▶ _YOUR INSTRUCTIONS_:
Could you write out the listing below exactly as it stands, leaving out the pictures?

═══ THE DATA

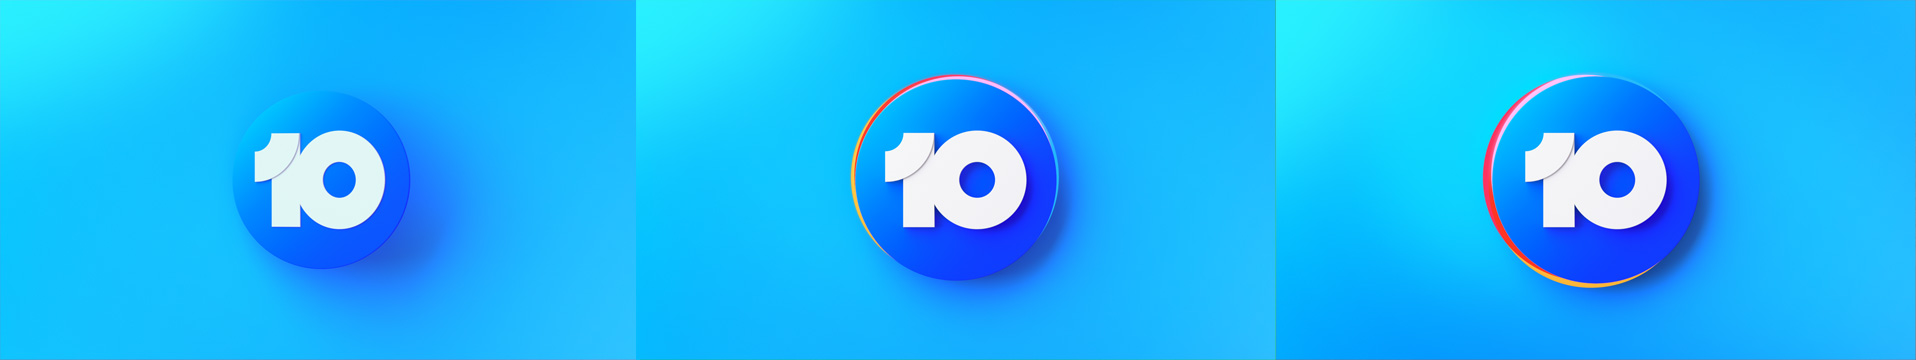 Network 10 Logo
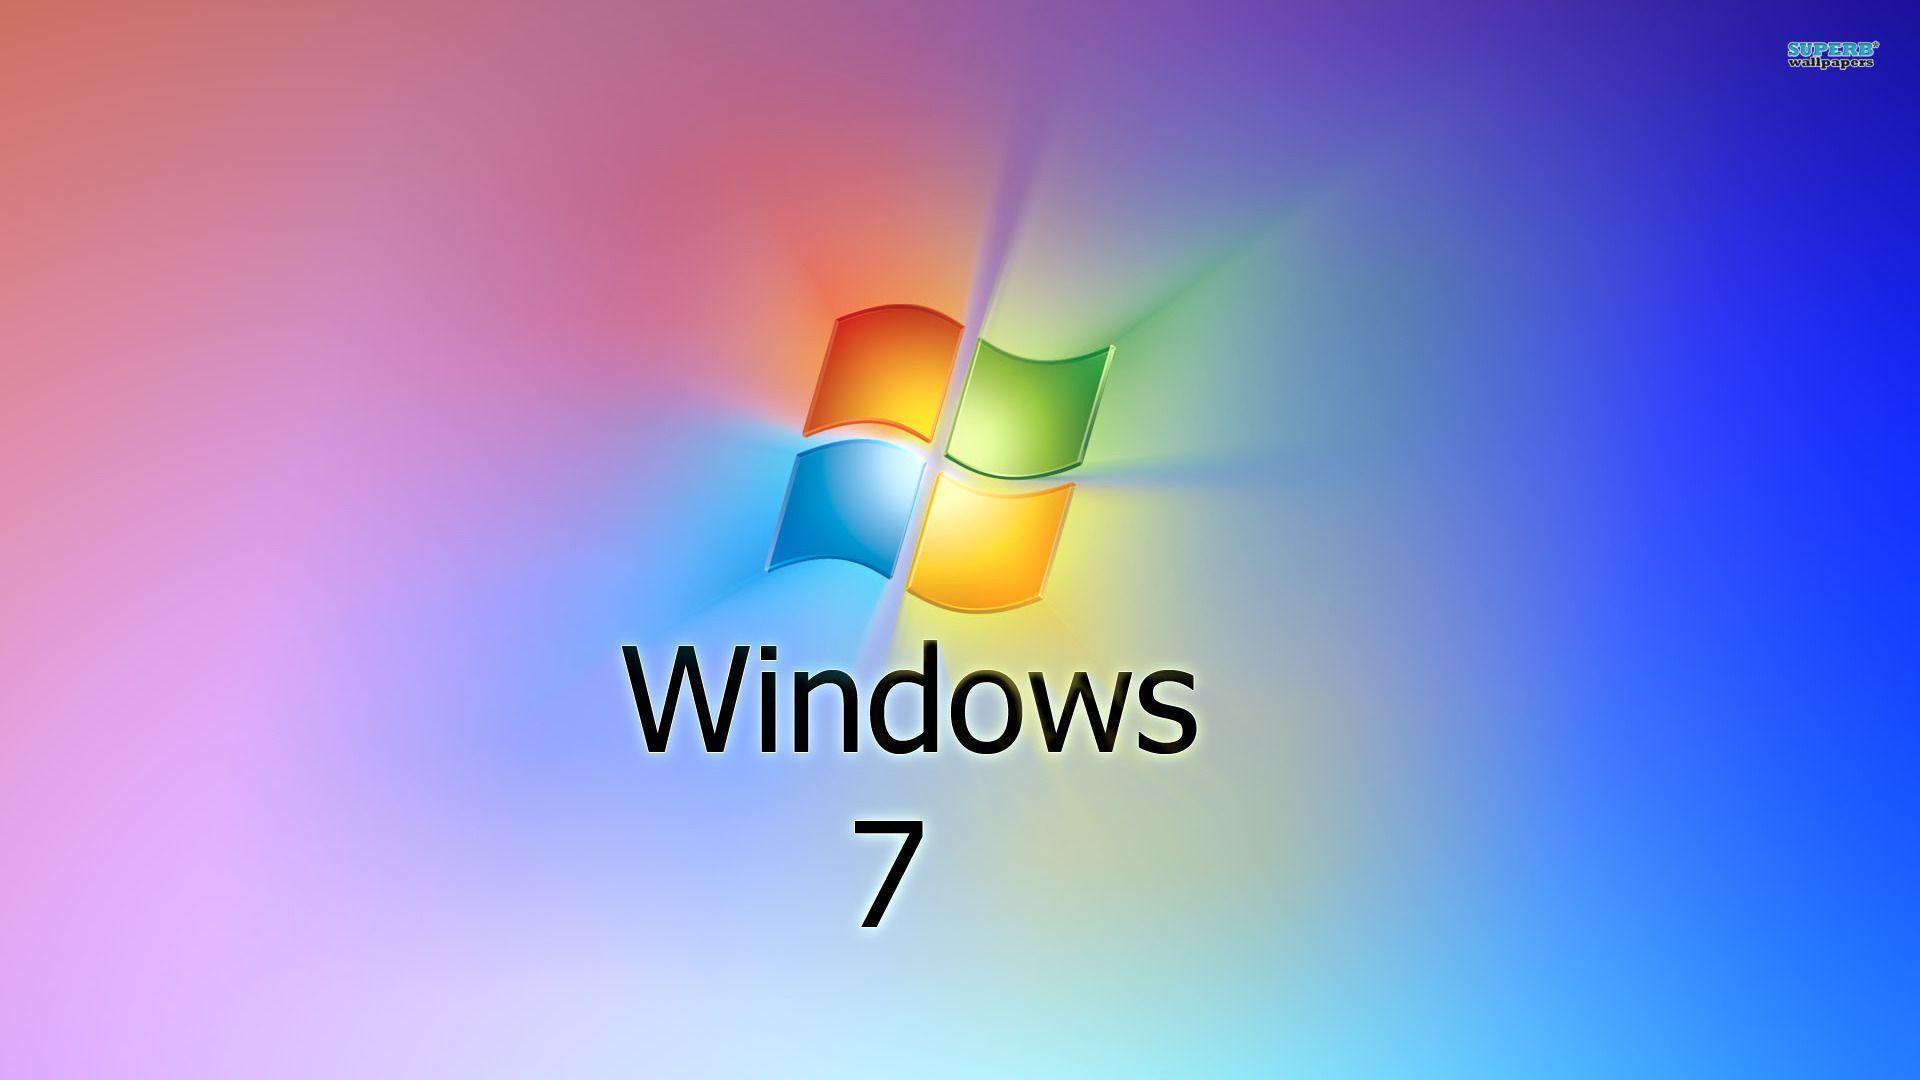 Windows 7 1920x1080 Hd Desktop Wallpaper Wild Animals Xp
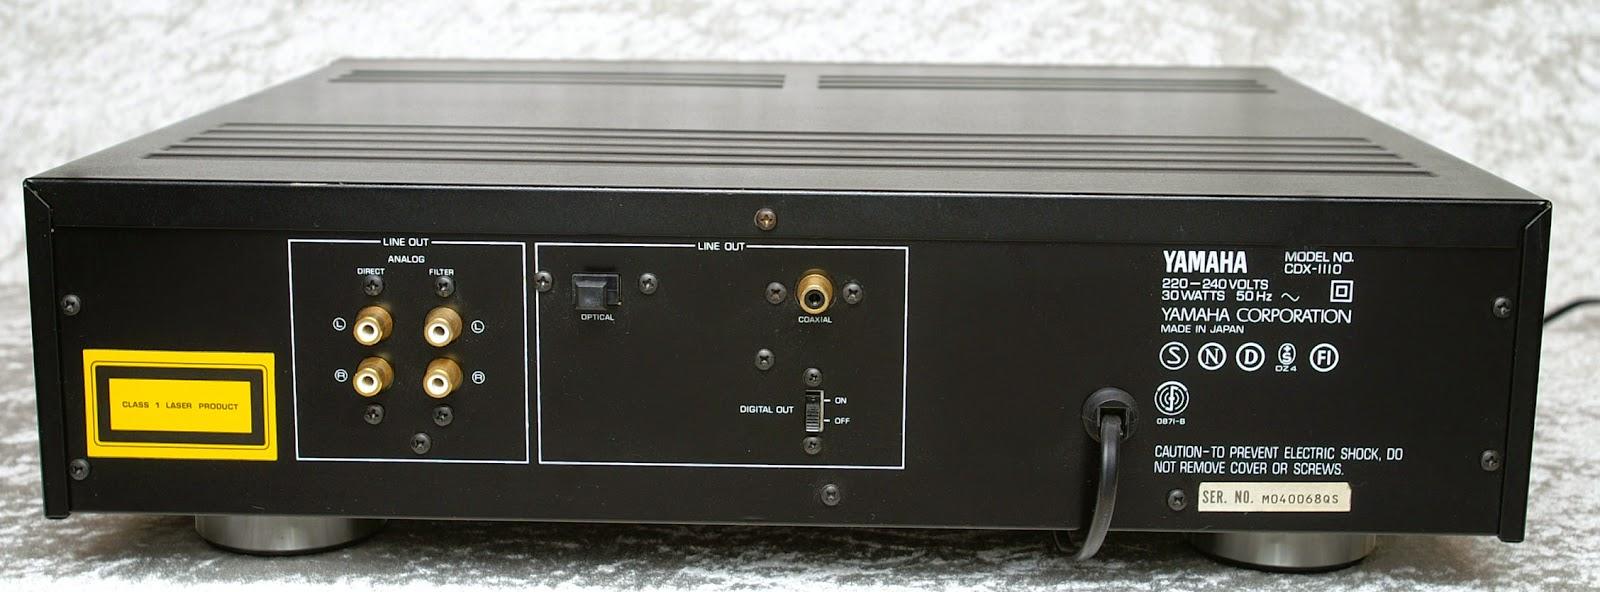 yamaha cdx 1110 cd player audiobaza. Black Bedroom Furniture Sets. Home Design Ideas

══════

▶ _TASK RESULT_:
 Network 10 Logo
 Windows 7 1920x1080 Hd Desktop Wallpaper Wild Animals Xp
 yamaha cdx 1110 cd player audiobaza. Black Bedroom Furniture Sets. Home Design Ideas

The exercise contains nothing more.